Frontend status page
Backend image processing
Image to process
Processsed image - finding white bag
How many times have you rushed out the door in the morning and arrived at work or school only to realize that you forgot that one book you needed or left your computer charger plugged in at your desk? The technology that Amazon modeled to the world in their grocery store, Amazon Go, could be implemented in your home to track your most important belongings.
What it does
The Elephant in the Room is an addition to the home security and smart home networks that are already rising in today's market. IP cameras in your home send their feed to a local server, where opencv used to identify and track objects that have been selected by the user. These items flagged as important can be searched for and found for the user by the server. Additionally, geo-fencing technology can be used to detect when you leave your home, and the server can then notify you if you left an important belonging behind.
How we built it
In order to accomplish this task here on campus, a public AWS server had to be used in place of a local server. Additionally, a computer's webcam was used in place of an IP camera due to lack of proper hardware. Finally, the 'door' is a distance sensor that latches open or closed when somebody passes in front of it, signifying when a user enters or leaves their home.
There are three segments to our project. The server, the 'IP camera', and the 'door'. The server is running a looping program that takes a picture with the IP camera, runs an image recognition script on the picture, then checks if the user has left through the 'door'. If an item has been left and the user is vacant, the program sends one text message to the user indicating which object was left behind. The server also has a webpage that gives feedback for whether or not an object is present in the field of view of the camera or not.
Challenges we ran into
Time and utilities was a large hindrance. This project, if done right, would implement many more hardware components, and would be made more useful to the public with coded elements that we did not have time to start, such as more extensive image recognition with deep learning implemented, or an app that gives the local server's status on the go.
Much of our time was spent trying to interface a small hardware camera with an arduino, giving that element of the project here more of an IP camera feel, but enough problems eventually arose that would take too much time to solve.
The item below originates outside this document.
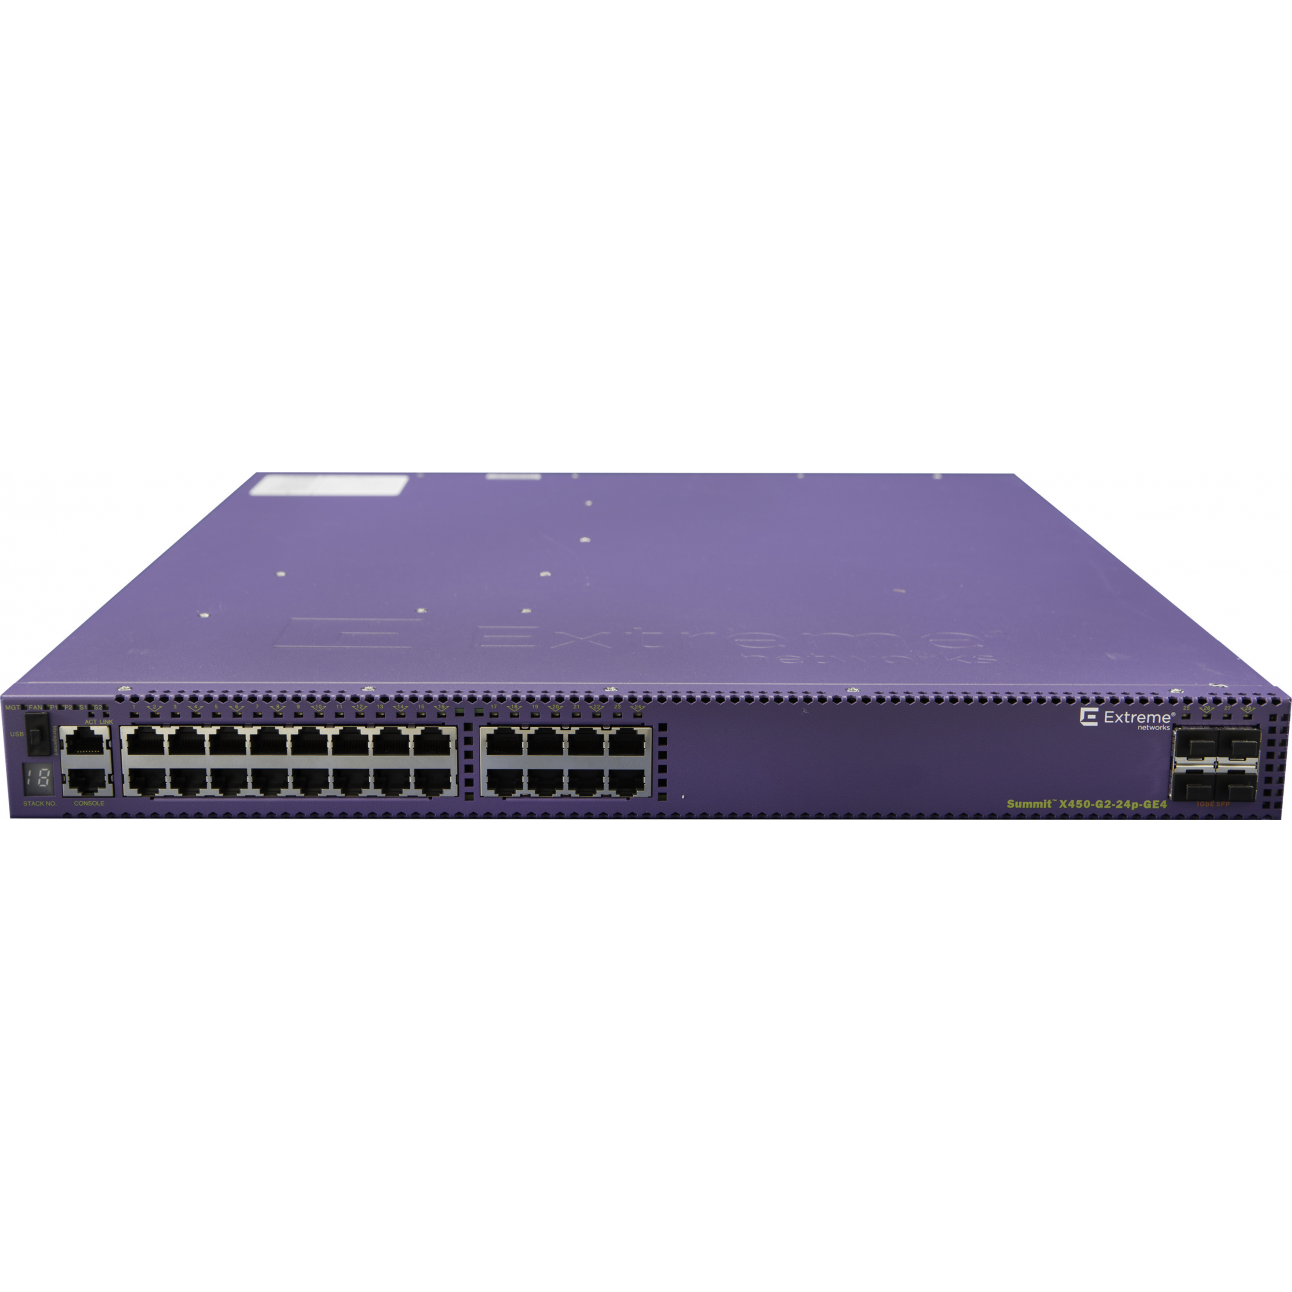 Коммутатор Extreme Summit X450-G2 24 10/100/1000BASE-T POE+, 4 1000BASE-X unpopulated SFP,two 21Gb stacking ports, 2 unpopulated power supply slots, fan module slot (unpopulated), ExtremeXOS Edge license

We also discovered that UA's OIT automatically quarantines computers that are repeatedly accessing remote servers, in order to prevent potential malicious hackers. For a long time, we were scratching our heads as to why one of our laptops could access the remote AWS server, but our headless RasPi was no longer able to. After much troubleshooting, we found that UA OIT had blocked the RasPi from accessing our AWS server after it pinged it too many times in one minute.
Accomplishments that we're proud of
We are proud of the opencv-enabled image recognition routine that we created to determine whether one of our set objects has been removed from frame.
What we learned
That SO MUCH can be done with opencv and deep learning for image recognition and image tracking, and that we merely scratched the surface of what could be capable.
That forum support for the ArduCAM model we have is sparse, at best :(
What's next for The Elephant in the Room
While the structure we have created for this demo captures the idea of Elephant in the Room, this system we have envisioned is much more extensive than what we have created here.
As far as hardware is concerned, the system should have multiple IP cameras, small RFID tags on some selected items and sensors spread throughout the house, and a local server as opposed to an AWS remote server.
In the software realm, the project would be made better with an app and better use of opencv and deep learning to more accurately identify a variety objects.